Wednesday, September 7, 2011

VENICE: "Wuthering Heights" Reactions

To tell the truth, I very nearly forgot that Venezia 68 was still going on, seeing as things seemed to drop off after Labor Day. I almost forgot to comment on "Wuthering Heights" from Andrea Arnold, who is very much responsible for one of the more life-altering films I've seen in a while, "Fish Tank". Like many others, I feared she was going to tread safer territory by taking on Emily Bronte's classic novel, but reviews clearly debunk any such worries. Arnold is still in top form, which simply makes me want to see this film all the more immediately. Is it still a strong player for the Golden Lion? I'd say so, seeing as Darren Aronofsky is heading the jury, and who's to say what he's liable to choose?

Neil Young (Hollywood Reporter): "Performances are blunt and unmannered. Top-billed Kaya Scodelario plays the adult Cathy with only the occasional linguistic anachronism jarring on the ear. These minor flubs are outweighed by the impact of the plausibly unadorned, sometimes vicious language used by what are essentially uneducated working-class farmers. This includes several four-letter outbursts and a smattering of uses (by Hindley) of the N-word towards Heathcliff – Glave and Howson are both black, a pioneering bit of casting from Arnold.
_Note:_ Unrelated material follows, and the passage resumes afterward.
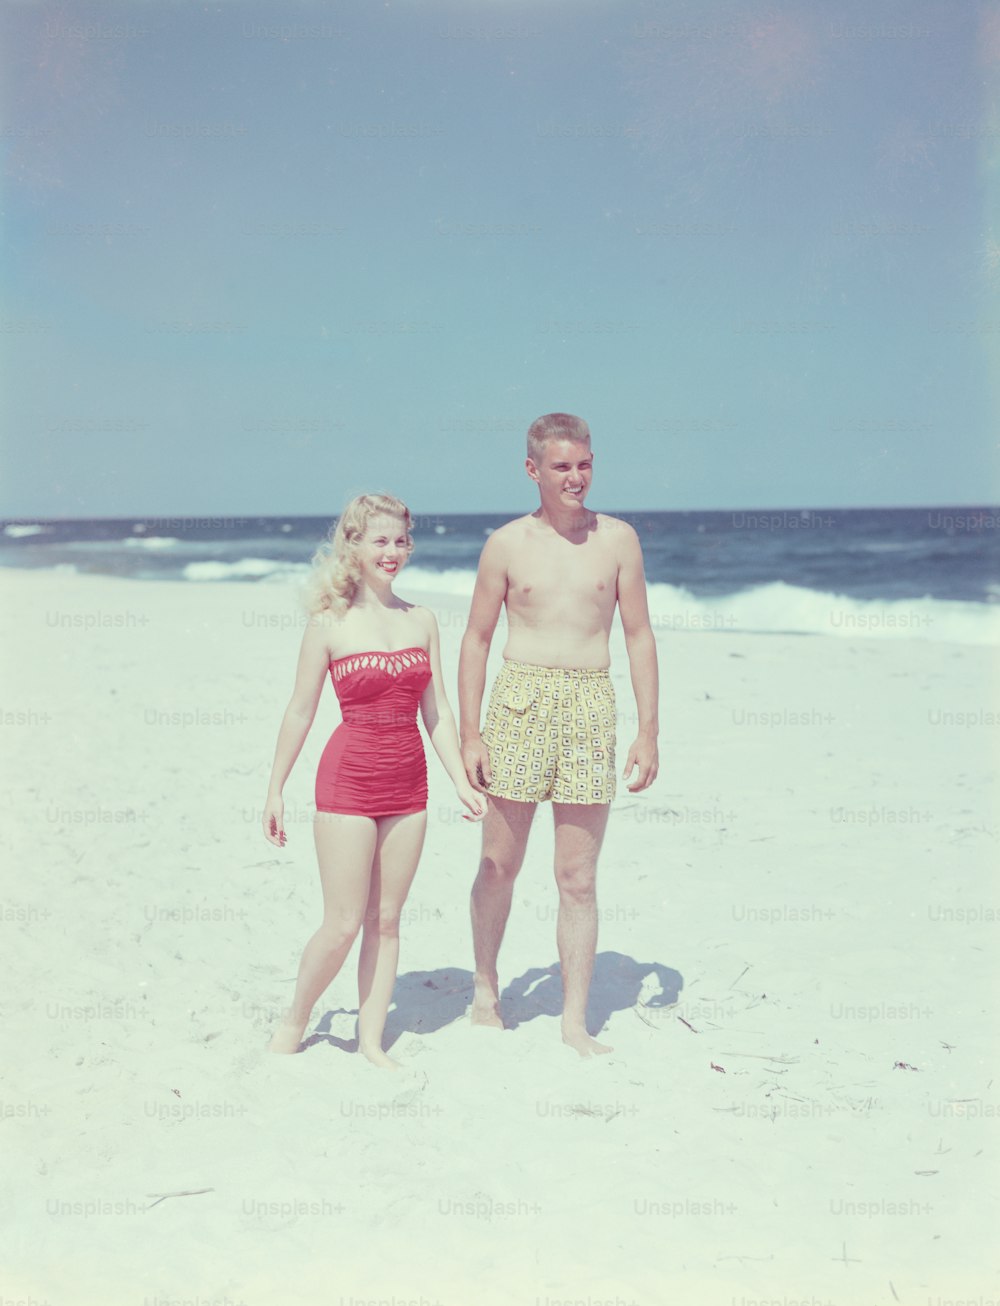 アメリカ合衆国 - 1950年代頃:ビーチで10代のカップル。

Heathcliff is described in the book as “dark”, “gipsy” and looking like a “Lascar” from southern Asia, but has always been previously played by Caucasians."

Guy Lodge (In Contention; ***1/2): "Like most previous screen versions, Arnold and co-writer Olivia Hetreed have taken on only the irresistibly full arc of the novel’s first half, but have zeroed in more emphatically on the class tensions and familial cracks that both enable and cripple Heathcliff and Catherine’s relationship. Arnold’s simplest and most successful amendment is the introduction of a black Heathcliff (played at different ages by Solomon Glave and James Howson), a stroke that places the social landscape of Brontë’s story in starker relief, and adds an extra layer of rancour to the abuse the character endures at the hands of Catherine’s seethingly inarticulate brother Hindley (Lee Shaw)."